A modem connection is about 50 kbit/s, and is used point-to-point. The distance is virtually unlimited, including multiple satellite hops etc.

Ethernet

An ethernet (LAN) connection is 10 Mbit/s or 100 Mbit/s, and is used to connect many computers that can all "talk" directly to each other. Normally they will all talk with a few servers and printers, but the network is all-to-all. The distance is normally limited to below 1 km.

Cable Modem

A Cable Modem connection is something in-between. The speed is typically 3-50 Mbit/s and the distance can be 100 km or even more. The Cable Modem Termination System (CMTS) can talk to all the Cable Modems (CM's), but the Cable Modems can only talk to the CMTS. If two Cable Modems need to talk to each other, the CMTS will have to relay the messages.

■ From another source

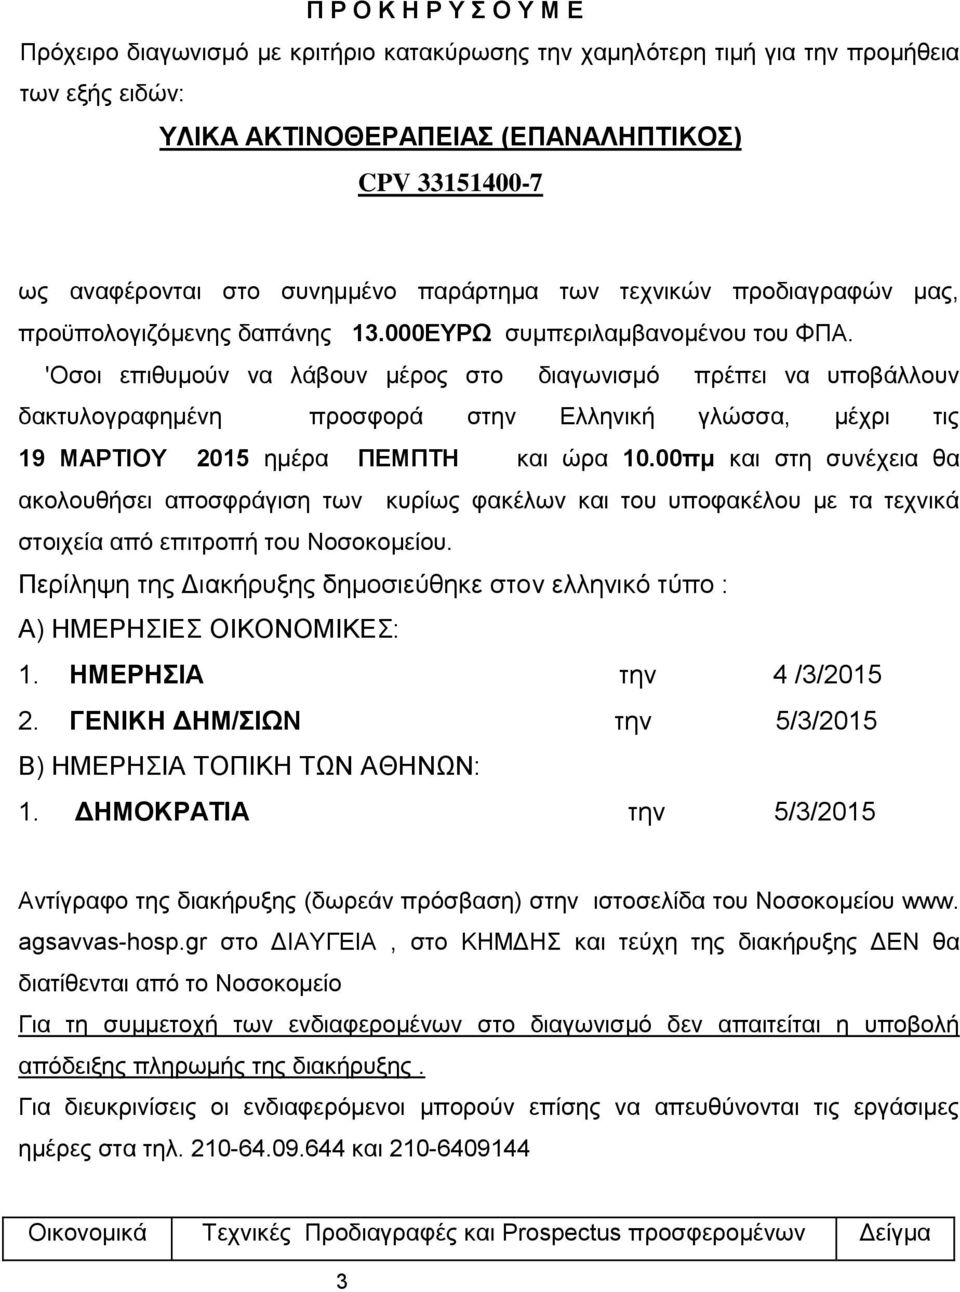 'Οσοι επιθυμούν να λάβουν μέρος στο διαγωνισμό πρέπει να υποβάλλουν δακτυλογραφημένη προσφορά στην Ελληνική γλώσσα, μέχρι τις 19 ΜΑΡΤΙΟΥ 2015 ημέρα ΠΕΜΠΤΗ και ώρα 10.
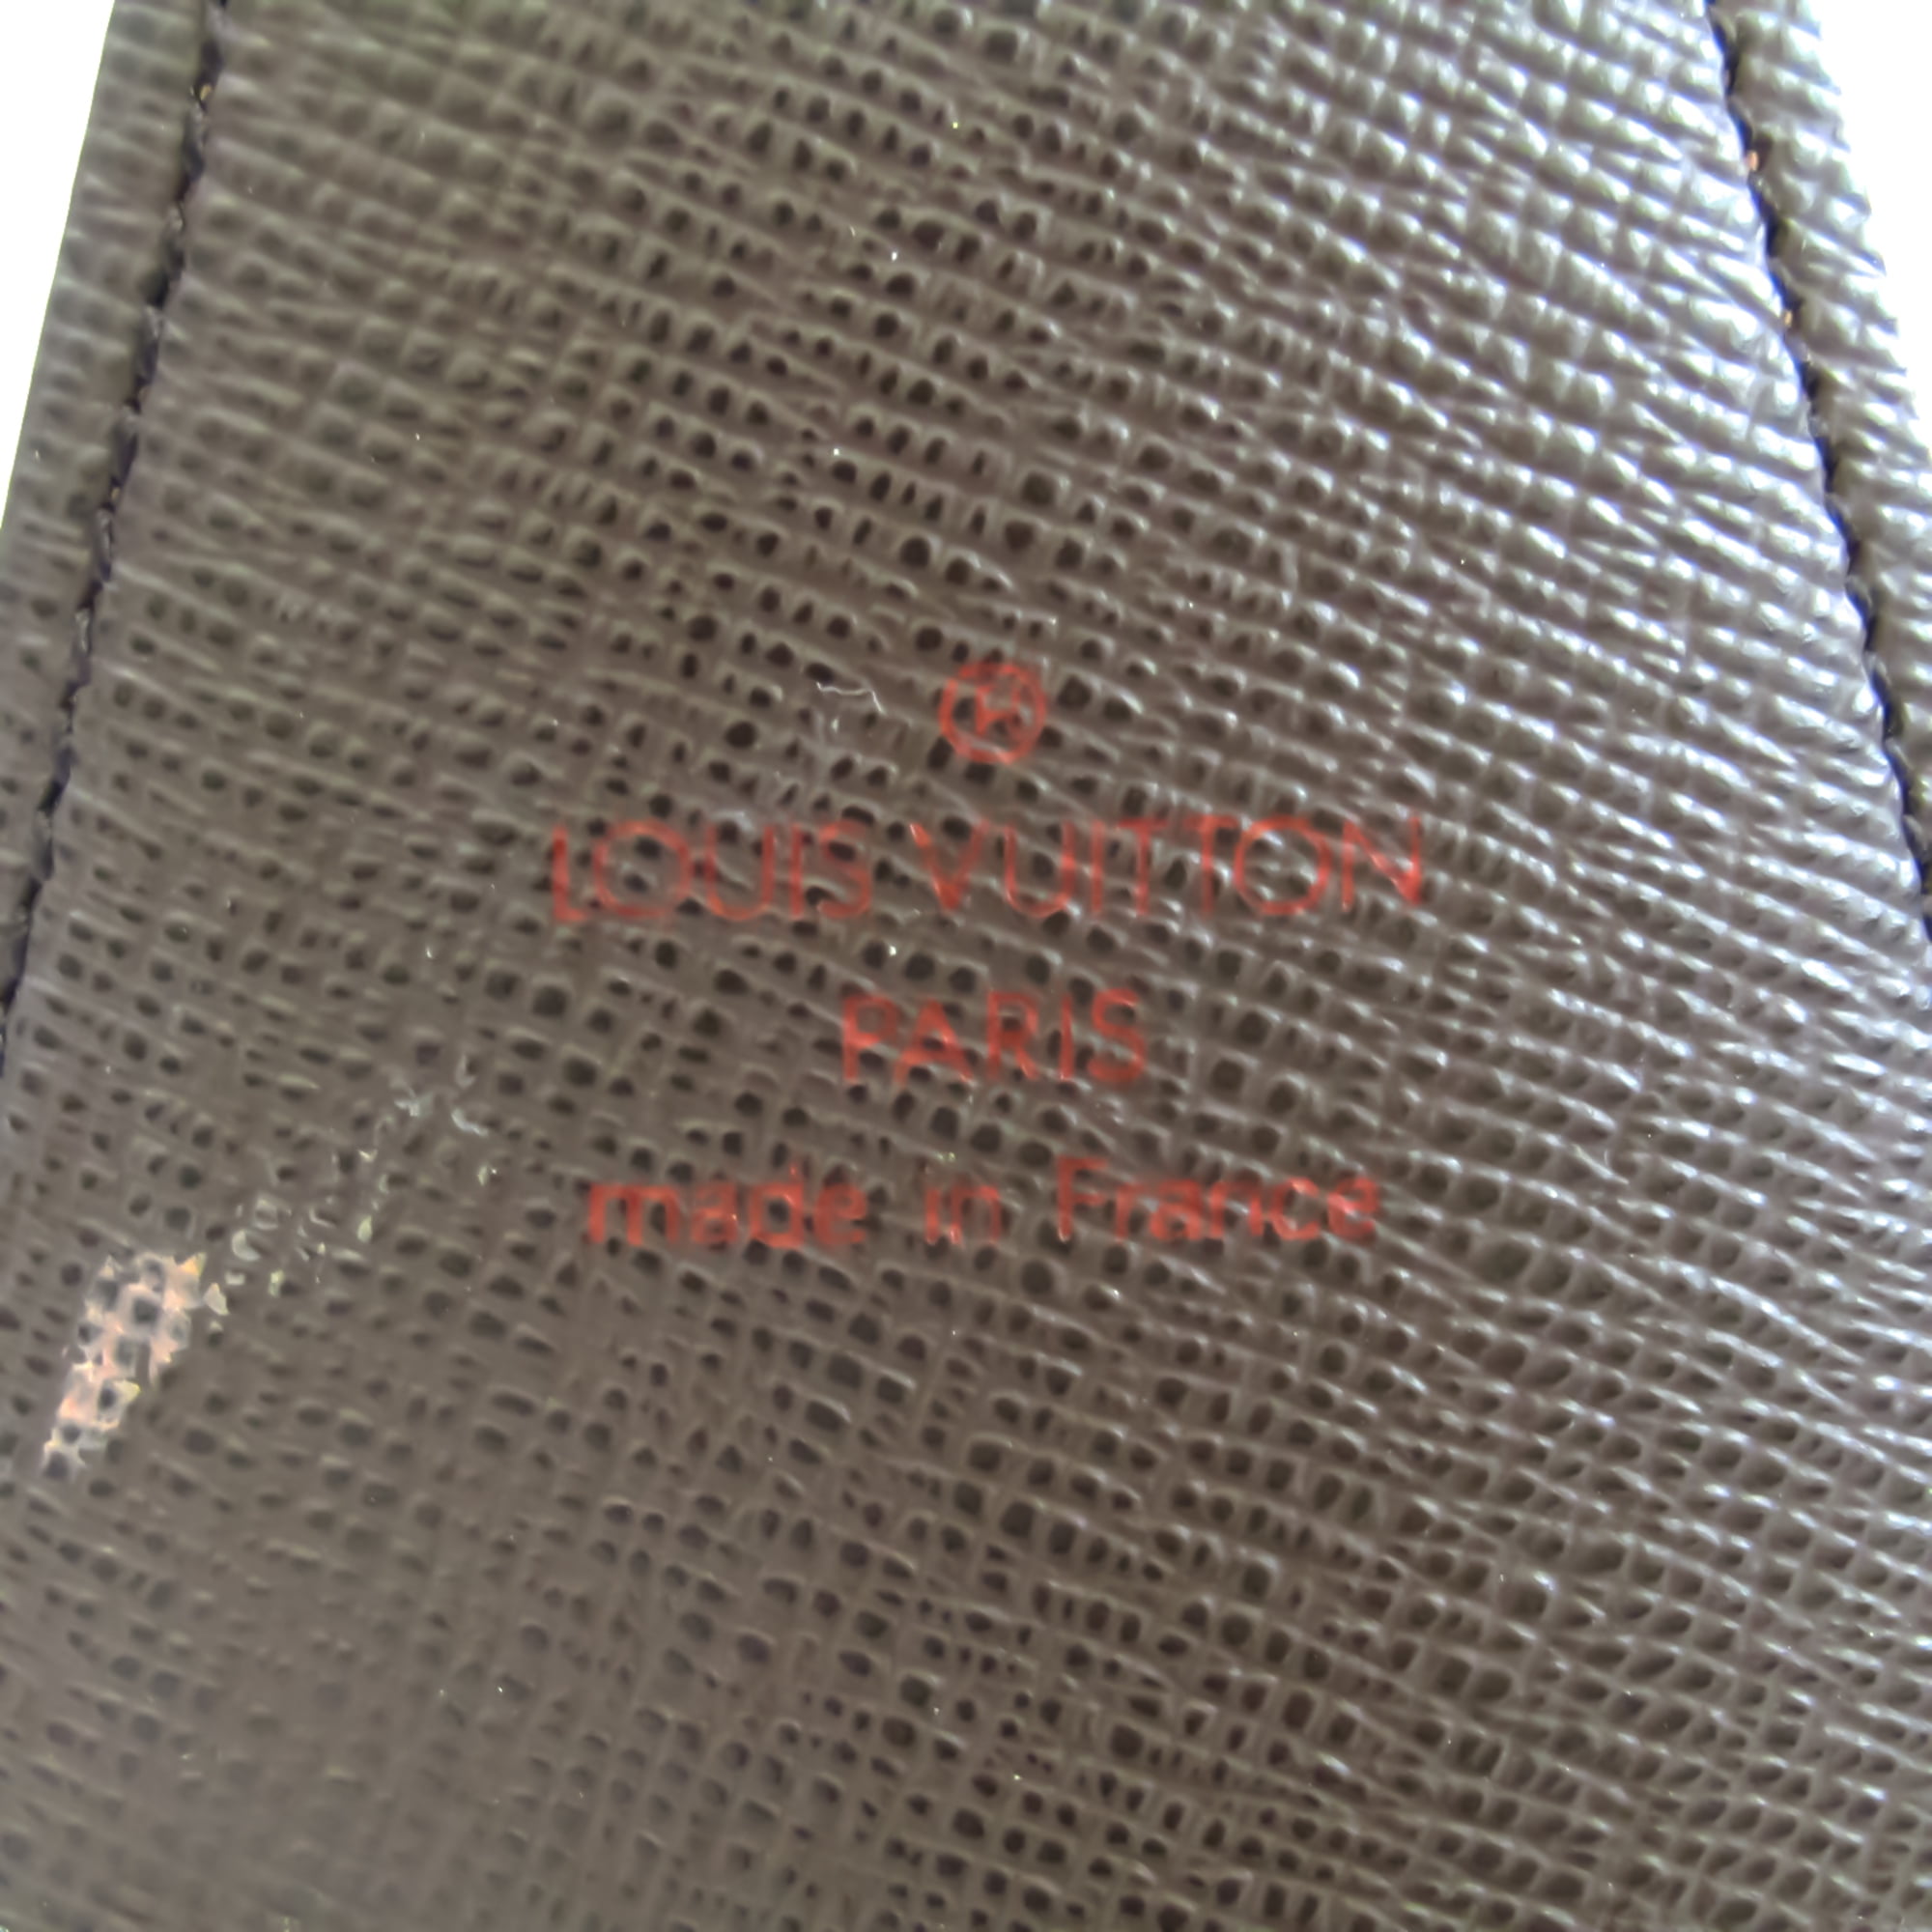 Auth Louis Vuitton Monogram Cigarette Case N63024 PVC Leather Tobacco Case  LV

The OSI layer stackup for a DOCSIS Cable Modem looks like this.

OSI   DOCSIS
Higher Layers   Applications DOCSIS
Control
Messages
Transport Layer   TCP/UDP
Network Layer   IP
Data Link Layer   IEEE 802.2
Physical Layer   Upstream Downstream
TDMA (mini-slots)
5 - 42(65) MHz
QPSK/16-QAM
TDM (MPEG)
42(65) - 850 MHz
64/256-QAM
ITU-T J.83 Annex B(A)

Items in parenthesis refer to EuroDOCSIS, which is a version of DOCSIS with a modified physical layer targeted at the more DVB centric European market.

External box cable modems with ethernet interface normally acts as either MAC-layer bridges (low-end models) or as routers (high-end SOHO models).